• WHAT YOU NEED TO DO: Return the listing verbatim, images left out.

• SUPPLIED DATA:
-- Opening Marker --
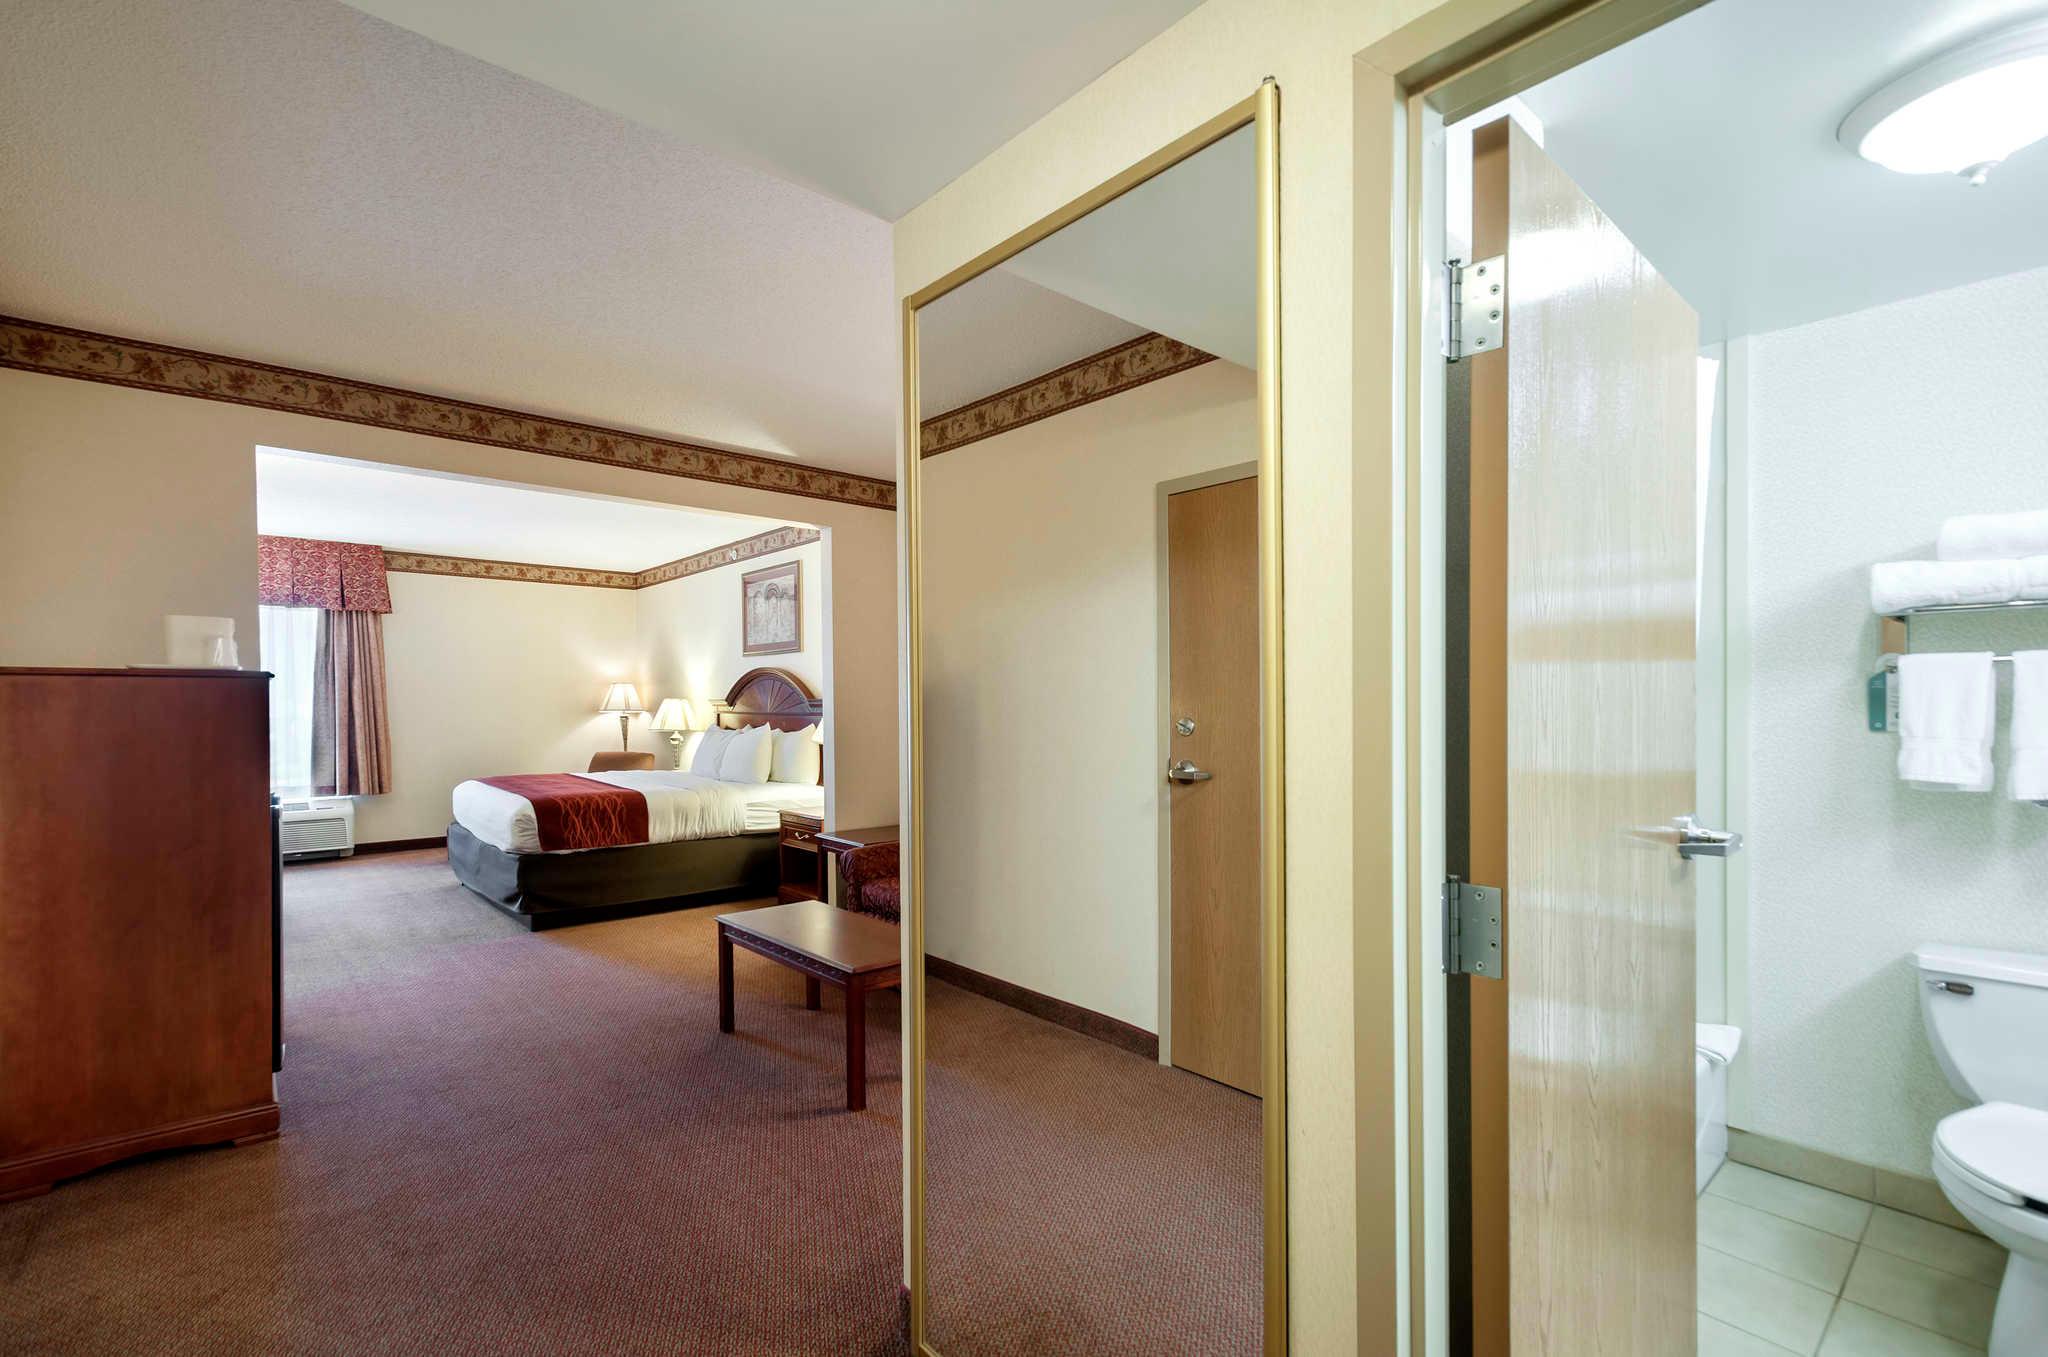 Comfort Inn & Suites Edgewood - Aberdeen image 16
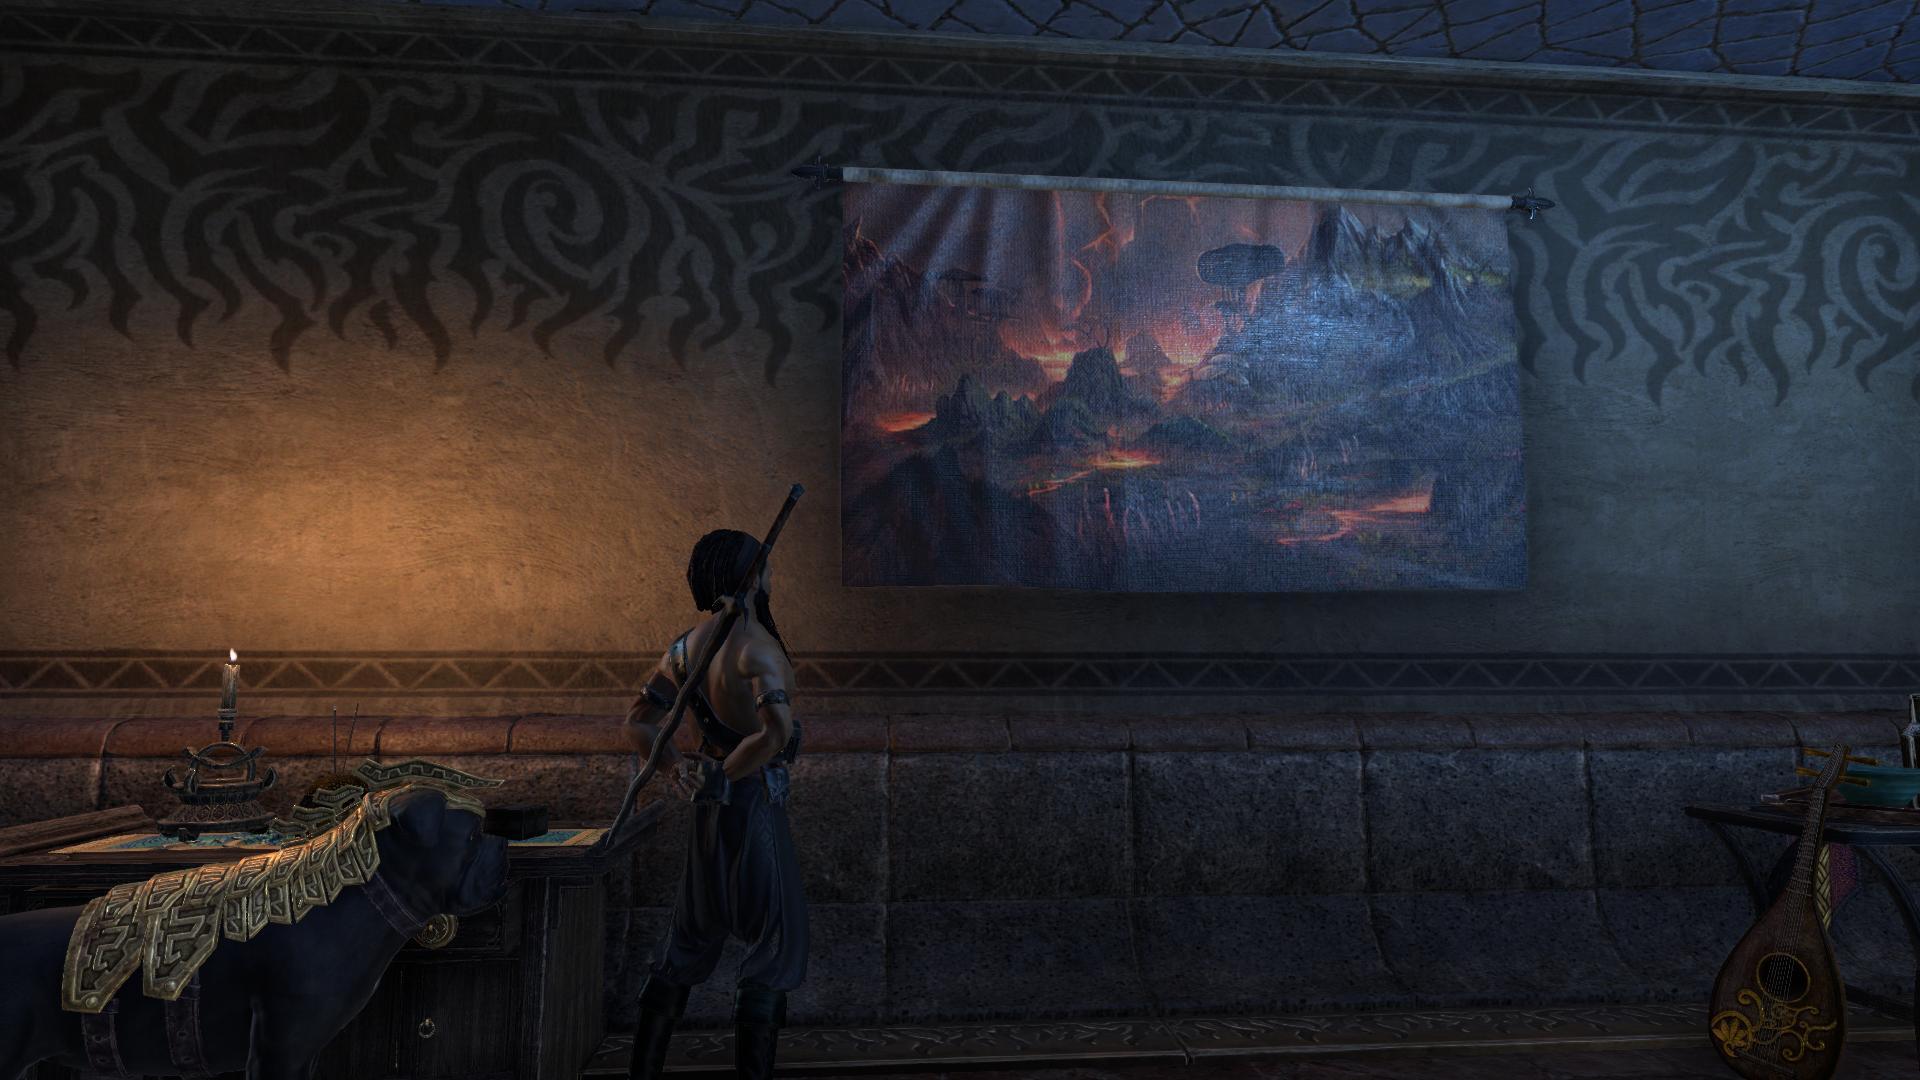 Elder Scrolls Online: Morrowind will not blow your mind, but
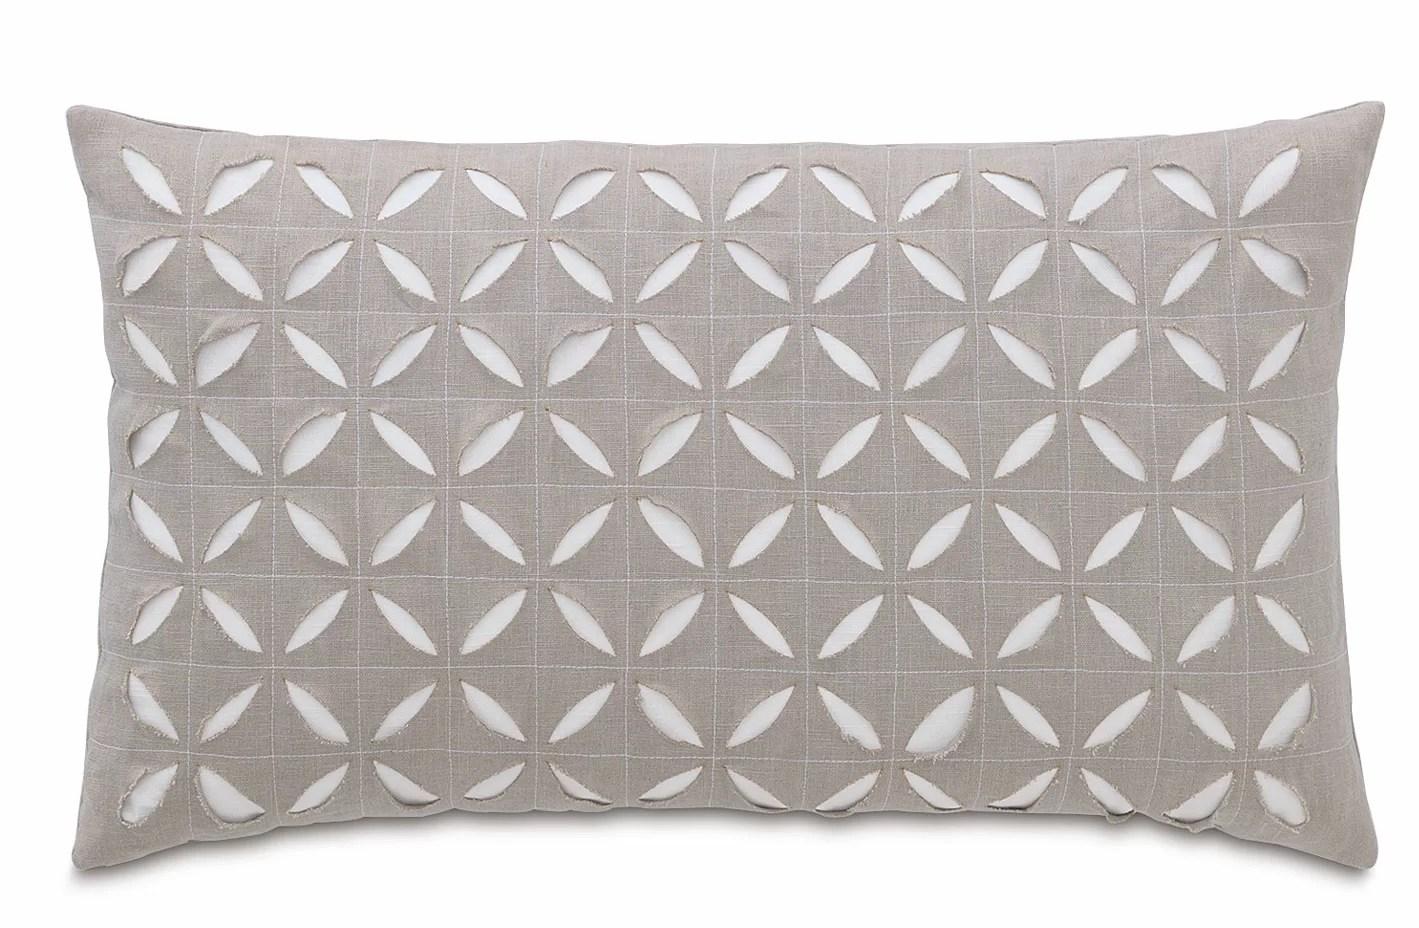 eastern accents amara linen geometric lumbar pillow perigold
-- Closing Marker --
• RESPONSE BOX:
 Comfort Inn & Suites Edgewood - Aberdeen image 16
 Elder Scrolls Online: Morrowind will not blow your mind, but
 eastern accents amara linen geometric lumbar pillow perigold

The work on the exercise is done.